Grito

 

No dia de natal fez frio! Parecia mais frio ainda por causa da umidade. O ar se desfazia em gotas. Garoava. Ah, São Paulo inexplicável, como tanta coisa mais que não se pode explicar!

Chega carrancudo o ano que parece o último do milênio, mas não é, como chegou carrancudo e absurdo esse verão que é mas não parece... O ano que se acaba, pareceu rude, desumano. Os maiores destaques estão relacionados ao que se costuma chamar de ética, de moral, etc. Como a bola de neve - que por aqui nunca se viu -, o comportamento dos homens contagia e o que ontem era escândalo passa a ser corriqueiro.

Por exemplo, não parece coisa muito grave querer se apropriar do máximo que for possível abarcar, quaisquer que sejam os meios para tanto. Conseguir riqueza parece ter se transformado num argumento que justifica qualquer meio. Talvez esteja existindo um tipo de "seleção" que Darwin não previu, na qual a redução do número de predadores não reduz a voracidade predatória, pois nada sacia, uma vez que a ganância cresce na mesma medida e o mesmo número de indivíduos está sempre pronta a abocanhar cada vez mais.

Levando adiante a comparação, pode-se imaginar que a população das "vitimas" diminui, já que os muito pobres sequer podem ser saqueados - morrem à mingua pelas ruas, sob nossos narizes, aos nossos olhos indiferentes - e não poderiam ser considerados presas. Ao chegarem a esse estado, é como se já estivessem mortos para uma "seleção econômica".

Há décadas repete-se que o fosso entre ricos e pobres aumenta (quer se trate de países, quer se trate de pessoas). Outros, para não dizer às claras do que se trata, preferem o eufemismo: é cada vez maior a concentração de renda... e a montanha de "renda" cresce de um lado e a de pobres do outro...

Não há pudor ao escolher os meios.

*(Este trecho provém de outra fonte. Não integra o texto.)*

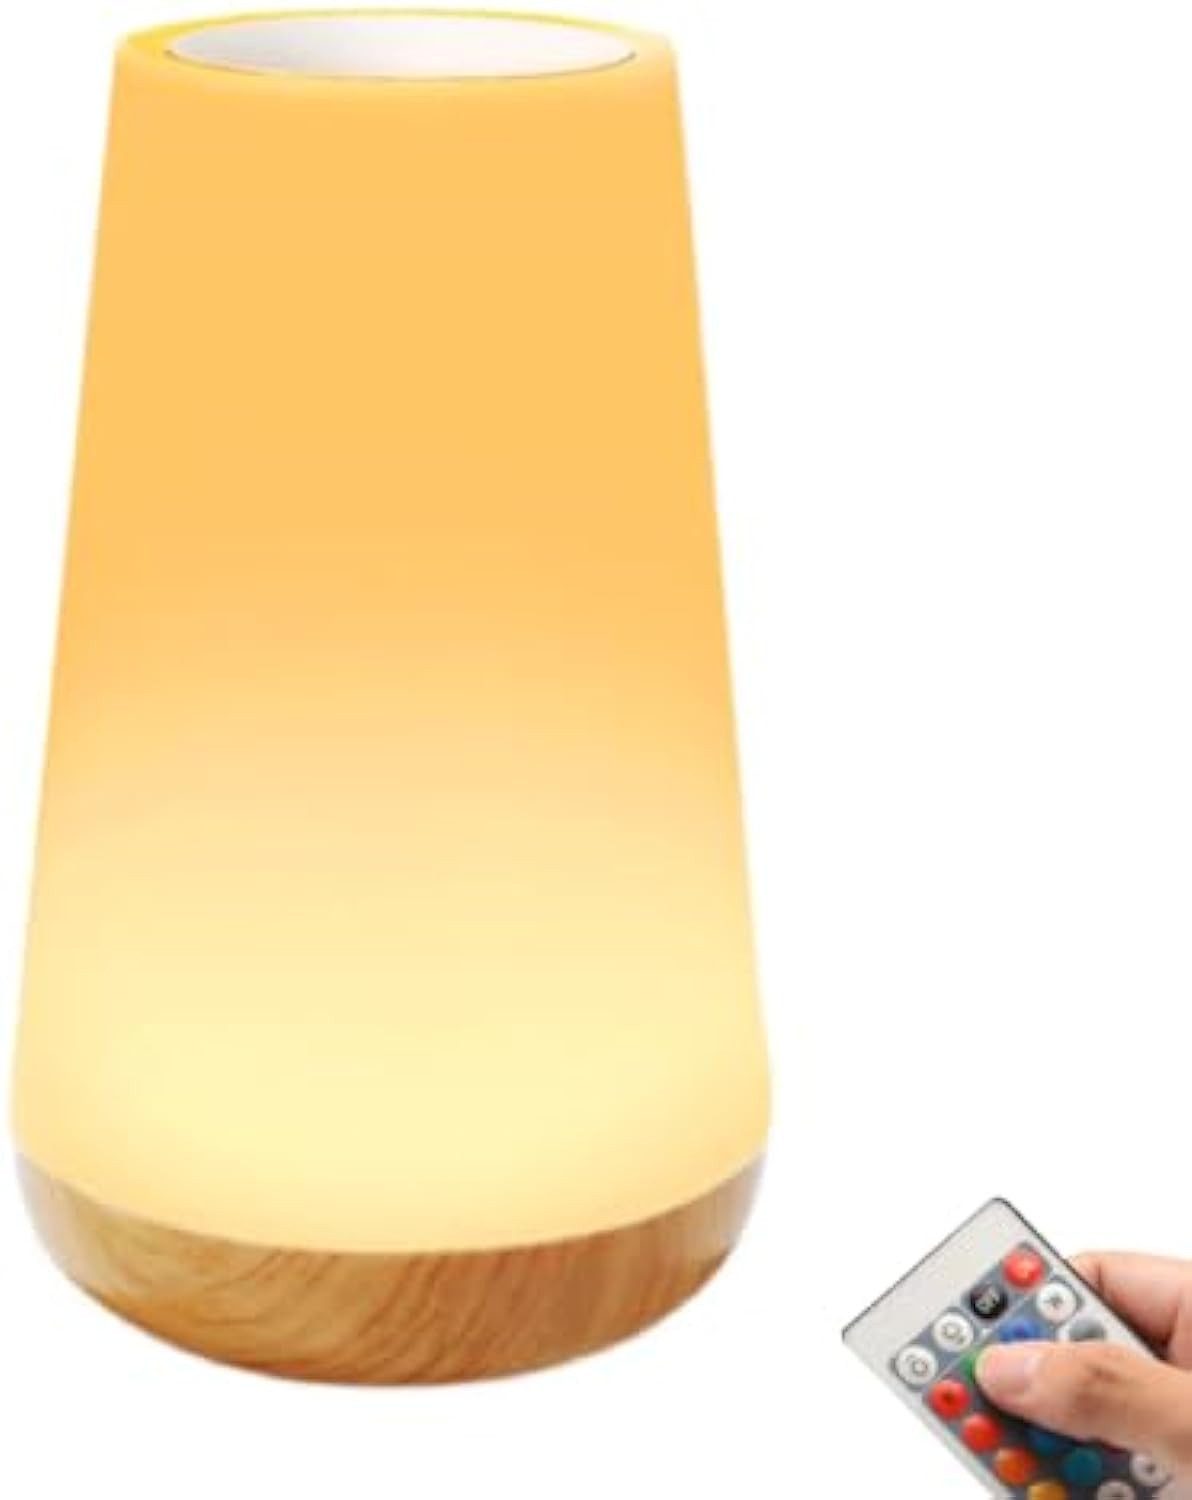 Jioson LED Nachttischlampe Tischlampen Tischleuchte RGB Touch Dimmbar Schreibtischlampe Leuchten, 13 Farbe, verstellbar, Farbwechsler, mit Fernbedienung, Farbeinstellung durch Berührung 3 Modi 5-stufiges Dimmen Zeitschaltuhr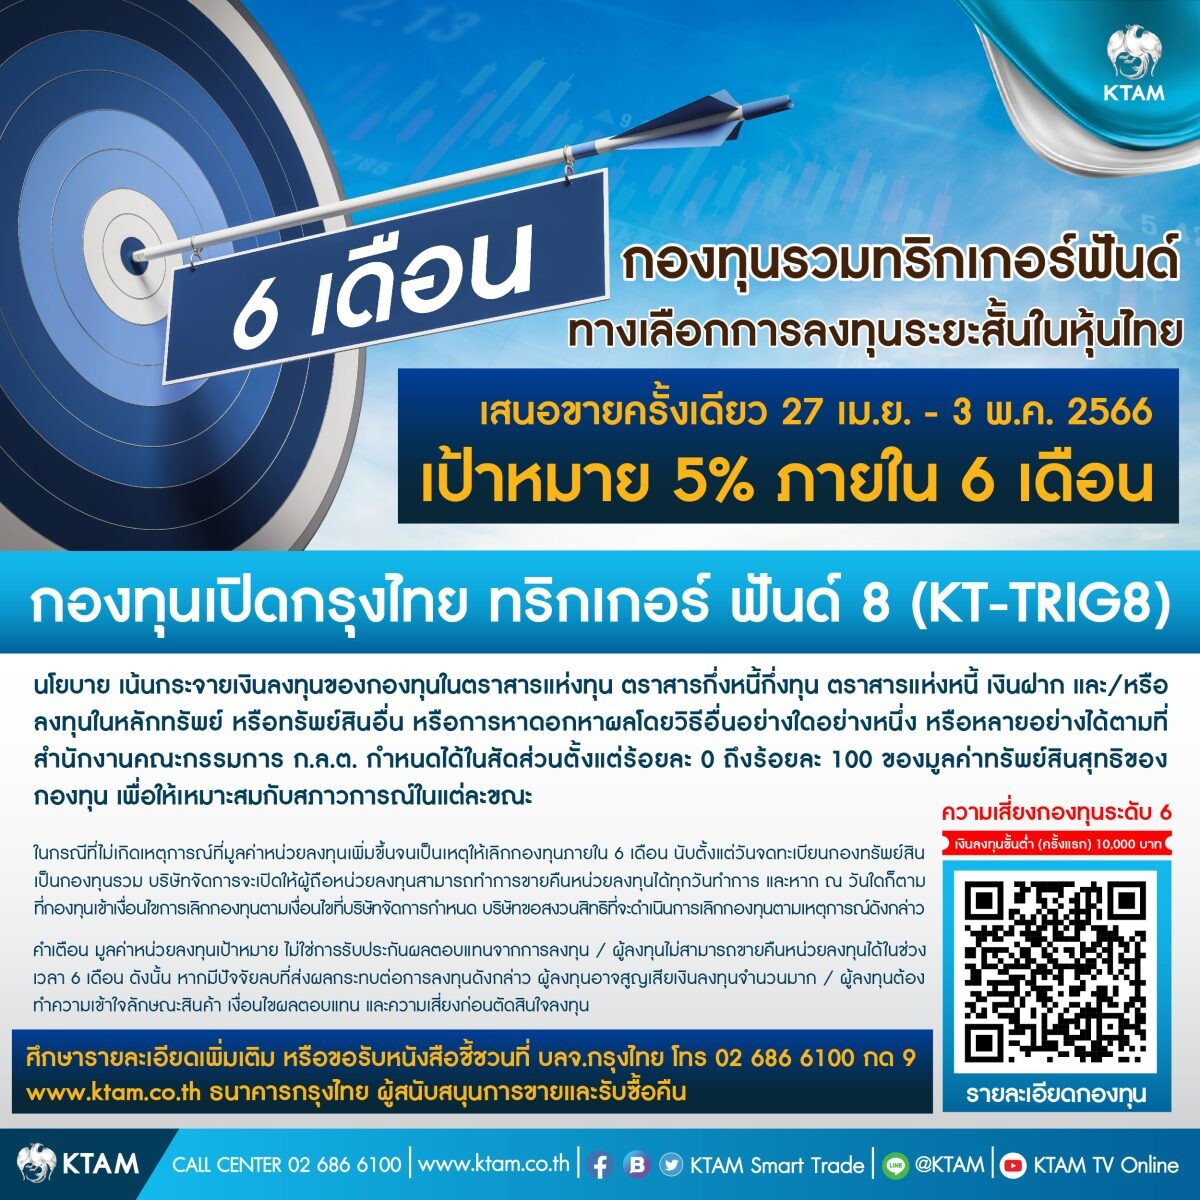 KTAM เล็งจังหวะลุยหุ้นไทย ปล่อยกองทริกเกอร์ต่อเนื่อง "KT-TRIG8" เสนอขาย 27 เม.ย. - 3 พ.ค. นี้ ตั้งเป้า 5% ใน 6 เดือน

Não há pudor ao impor os preços. Pelo mundo todo rifa-se o que um dia foram os chamados "serviços públicos", aquilo que aprendi ser a explicação para a existência dos impostos. Mesmo assim, esses que já foram dízimos, agora passam do terço! Para quê governo? Os países sucumbiram às corporações. Os governantes sucumbem poder de sedução das companhias transnacionais... De fato, governos se tornaram prescindíveis, descartáveis. Para quê governo?

O poder, como sempre, é um fim em si. Interessa apenas pelo poder que confere. Poder que sempre foi um meio eficaz de obter mais riqueza, para si e para sua turma. Para mantê-lo, se necessário, pode se simular uma guerra com uma desculpa qualquer, ainda que ao preço de alguns milhares de vidas.

Diante da vida absurda que vivemos, proliferam as empresas que vendem ilusões, promessas que só teriam que cumprir após a morte dos credores. Cobram, no entanto, à vista e aqui. Vão desde as multinacionais aos camelôs de sortes e oráculos. Umas com sedes imponentes, outras com barraquinhas nas esquinas ou na Internet. Cada tostão que se possa amealhar é sorvido com sofreguidão. A escuridão da Idade Média ameaça com sua sombra!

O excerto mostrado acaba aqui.